I have got a proof that cobra91's position from #171 is illegal:

Because white has two rooks and there is no way for white's a-rook to have gotten out of the pawn chain, it is clear that white's a-rook has been captured and white's h-pawn has promoted to a rook. Because black has still got his d,e,f,g,h pawns, the white h-pawn has moved to the c7-square and has therefore promoted either on b8,c8 or d8. As black's LSB has never left the c8 square, the h-pawn didn't promote on c8 and also didn't promote on d8 (because then the rook would have no chance to get to a8 or b8). Therefore the white h-pawn has promoted to a rook on the b8 square. On its way there, it has captured 6 black pieces/pawns.

It is obvious that the h-pawn didn't capture the black h-rook, the black king, black bishops and the b,d,e,f,g,h pawns. The only remaining pieces/pawns that the h-pawn might have captured are the a,c pawn, the black queen, a-rook, and 2 knights. These are 6 black pieces/pawns in total and thereby the white h-pawn must have captured all of these 6 pieces/pawns.

Because the white h-pawn and the black a-pawn cannot cross paths (without promoting), the black a-pawn must have promoted. In order to do so, the black a-pawn must have captured a white piece. As white has still 15 pieces remaining, it is clear that the black c-pawn did not capture any white pieces. Hence, the black c-pawn did not promote.

Then, however, the only possible way that the white h-pawn captured the black c-pawn on its march to b8 is if the black c-pawn didn't move away from its starting position on c7.

Then, before the white h-pawn captured the c-pawn on c7, there is no way for the black queen to leave the fields d8-h8. This especially means that on its march to c7, the white h-pawn didn't capture the black queen and as such, the black queen is the last black piece/pawn that was captured by the white h-pawn in order to promote.

But then, however, it is obvious that the white h-pawn captured the black queen on b8. But because the black c-pawn has never moved (and neither did the c8-bishop), it is obvious that the black queen cannot have moved to the b8 square. Contradiction. Hence, the position is indeed illegal.

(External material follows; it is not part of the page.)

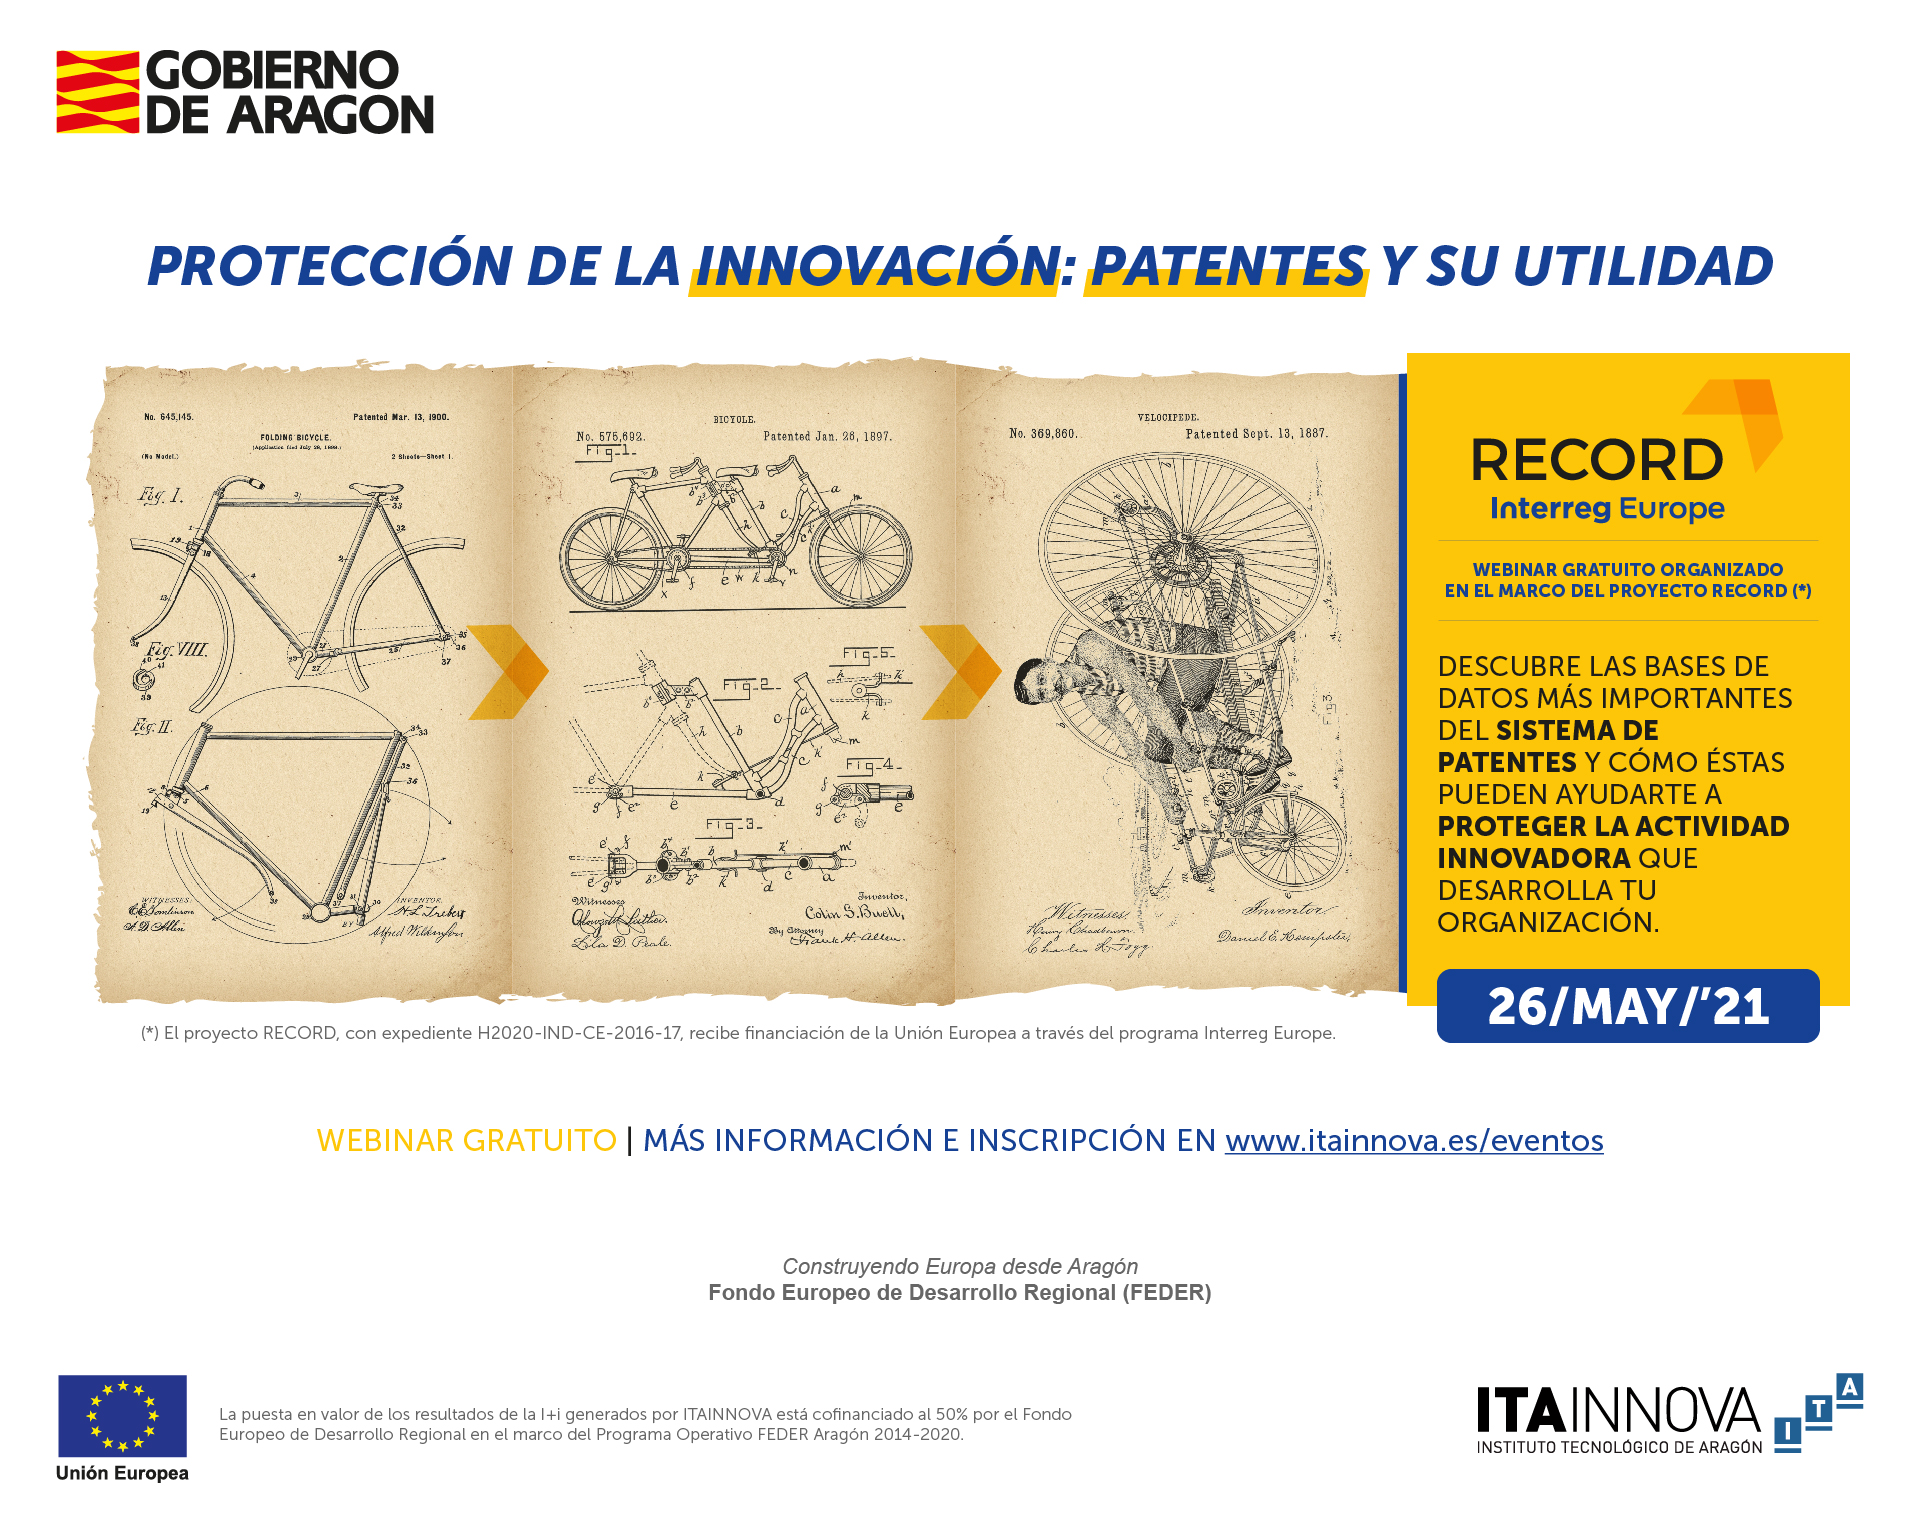 Imagen del webinar "Protección de la innovación: patentes y su utilidad"

(please excuse my bad English)

Well done! This logic is bulletproof. 

Pilchuck was close, but one cannot conclusively prove illegality without addressing all potential pawn promotions (see post #180), as was done in the above analysis.

Um, Cobra, I did address all the possible pawn promotions, you just ignored it.

^ I did no such thing!   I replied to your most recent comment in post #180; here's the quote:

The significance is that White can, in fact, get his pawn all the way to c7, and still seemingly have another Black piece to capture (in order to promote). So the issue is more subtle than merely a lack of available captures.

Since the details of my earlier position have now been worked out (Bravo, yellowchesstiger! ), I'll submit another which is interesting... and lies just inches outside the fringes of legality.

#199 might be an interesting starting position for a game.  The computer evaluates it as pretty even.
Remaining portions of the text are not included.